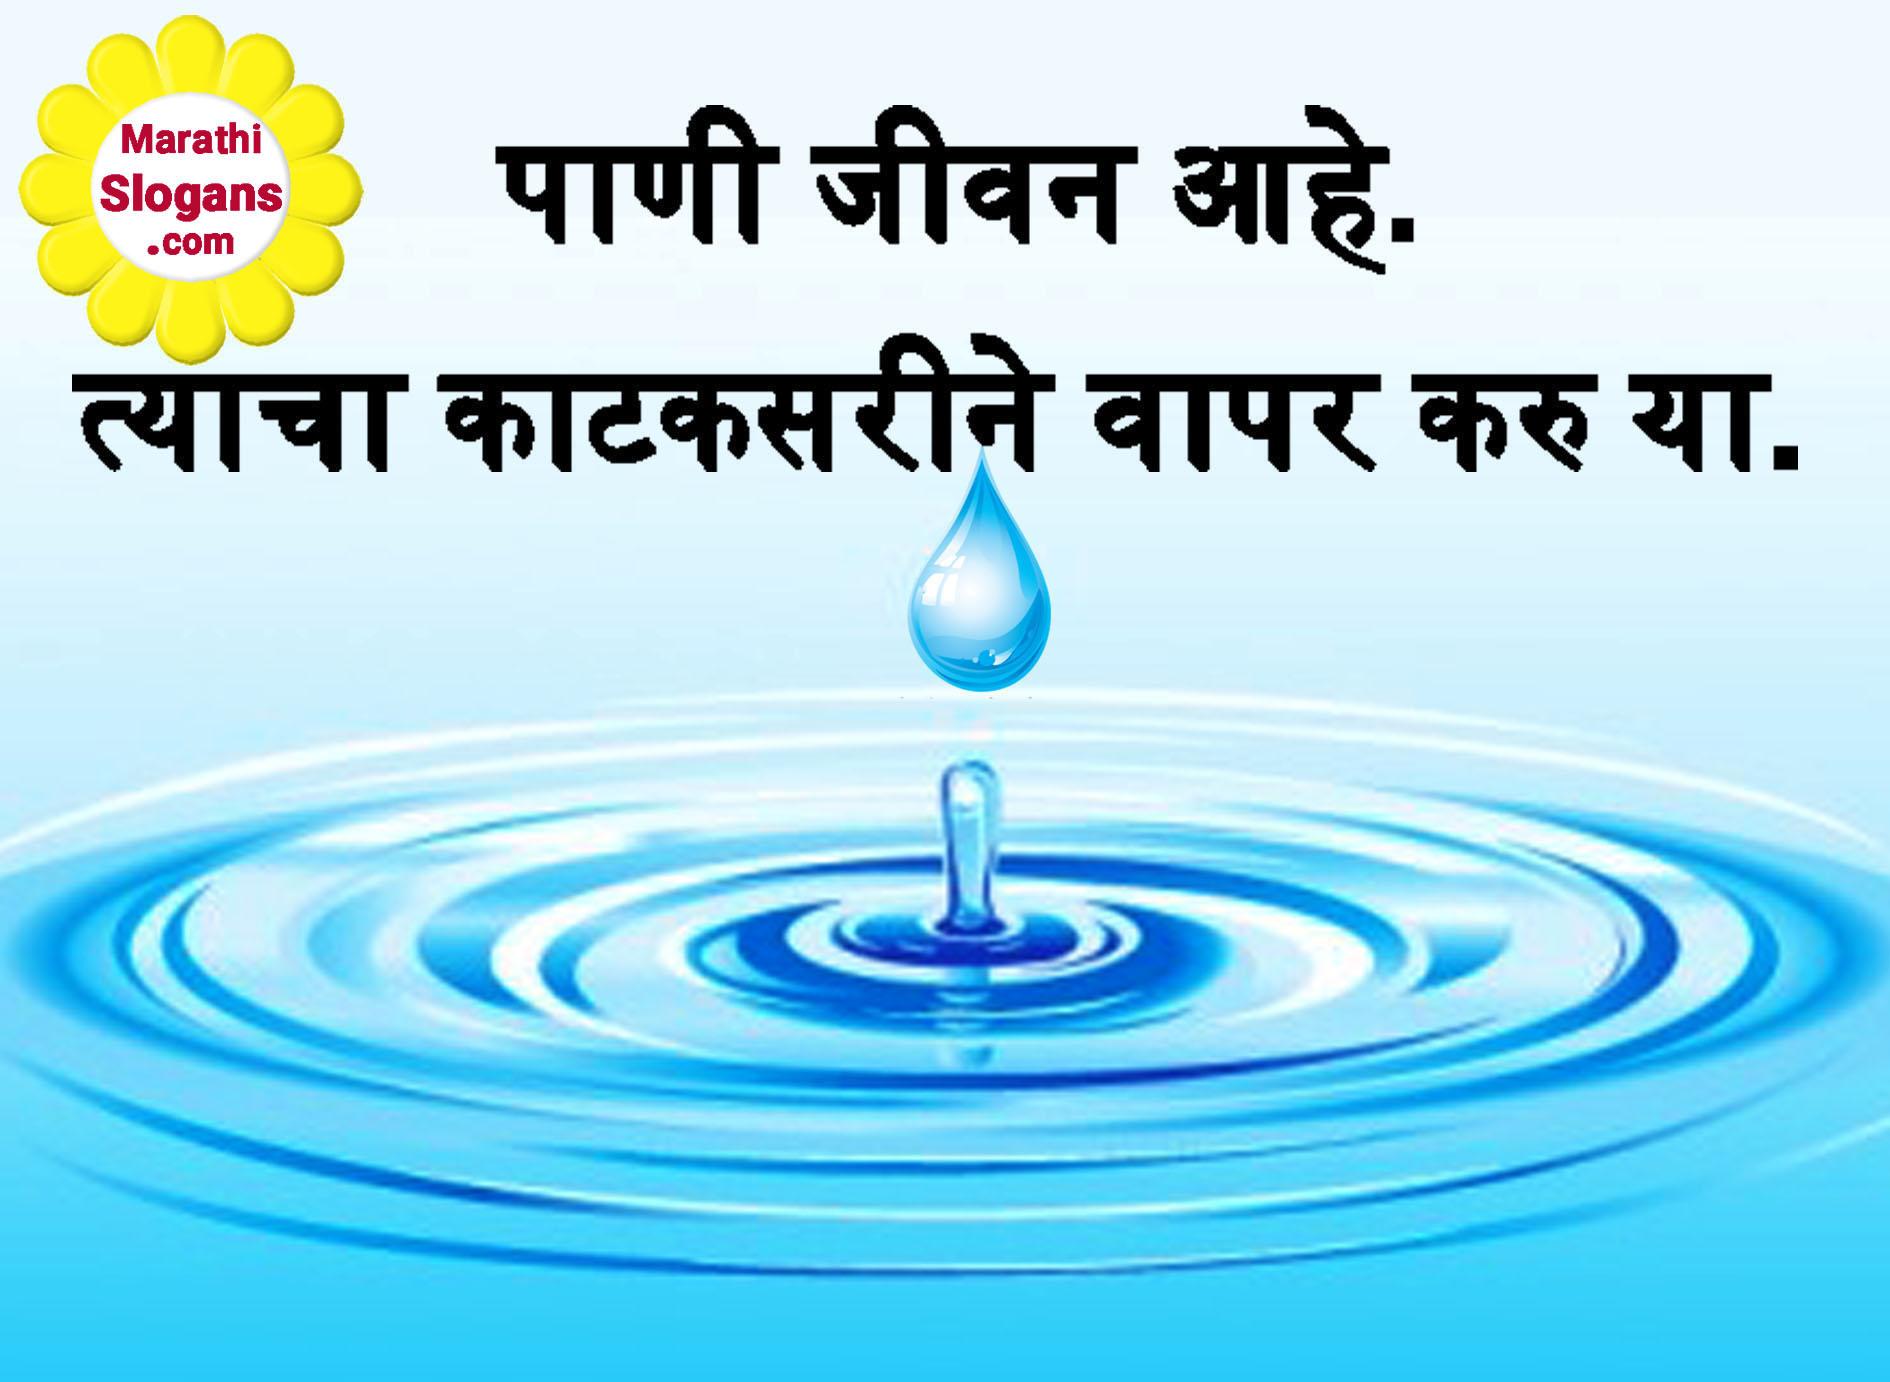 slogan on save oil
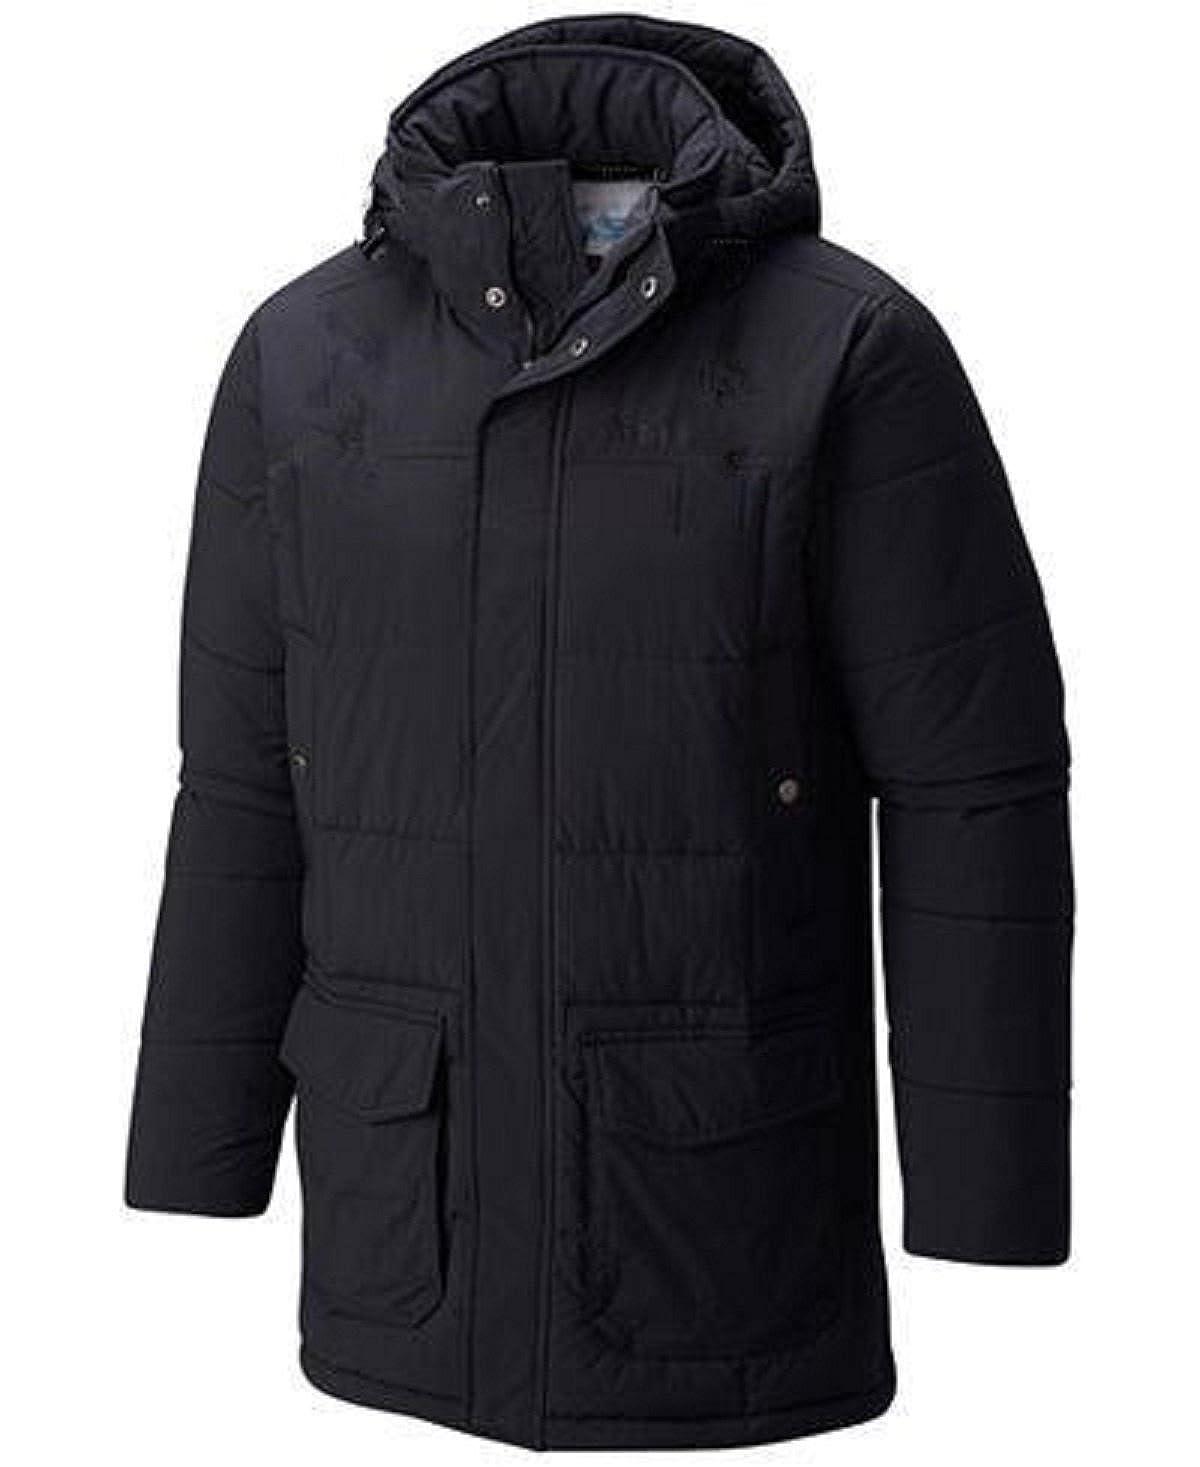 Lion Force Men's Parka Jacket w/Removable Hood | Ultra-Warm Winter Coat w/Fleece Lining All Sizes 2020M-$M
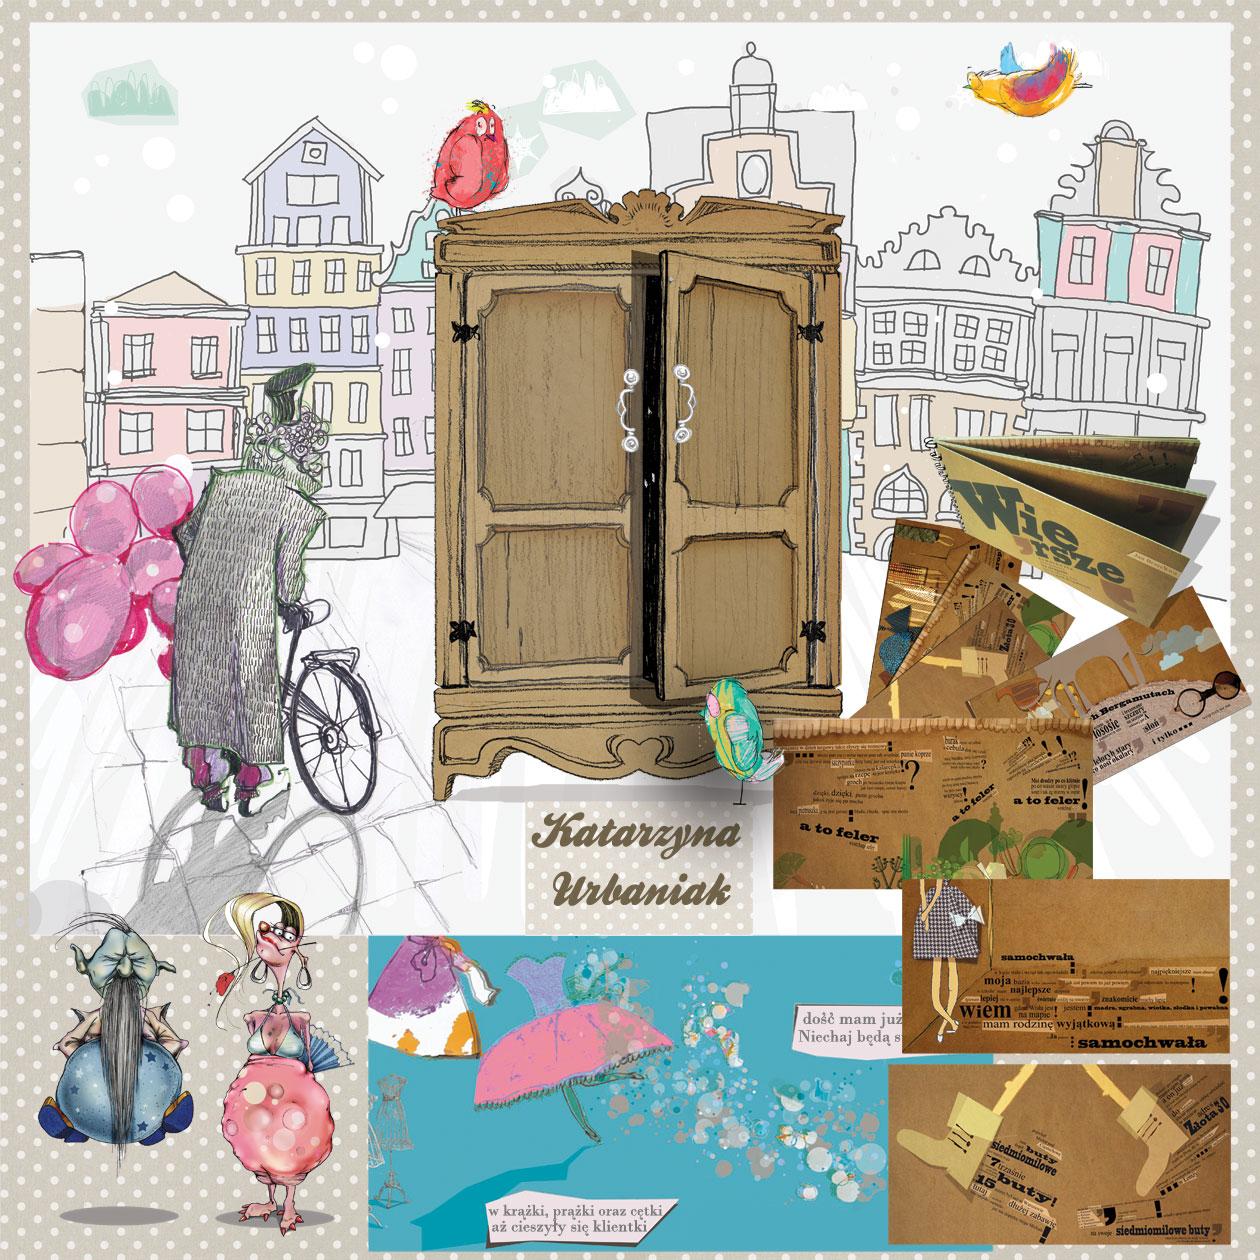 ilustracja dla dzieci Urbaniak ściana ilustratorów warszawa

> **WHAT YOU HAVE TO DO**
Write the lines above out again exactly, excluding every picture.

> **ANSWER TO THE EXERCISE**
 slogan on save oil
 Lion Force Men's Parka Jacket w/Removable Hood | Ultra-Warm Winter Coat w/Fleece Lining All Sizes 2020M-$M
 ilustracja dla dzieci Urbaniak ściana ilustratorów warszawa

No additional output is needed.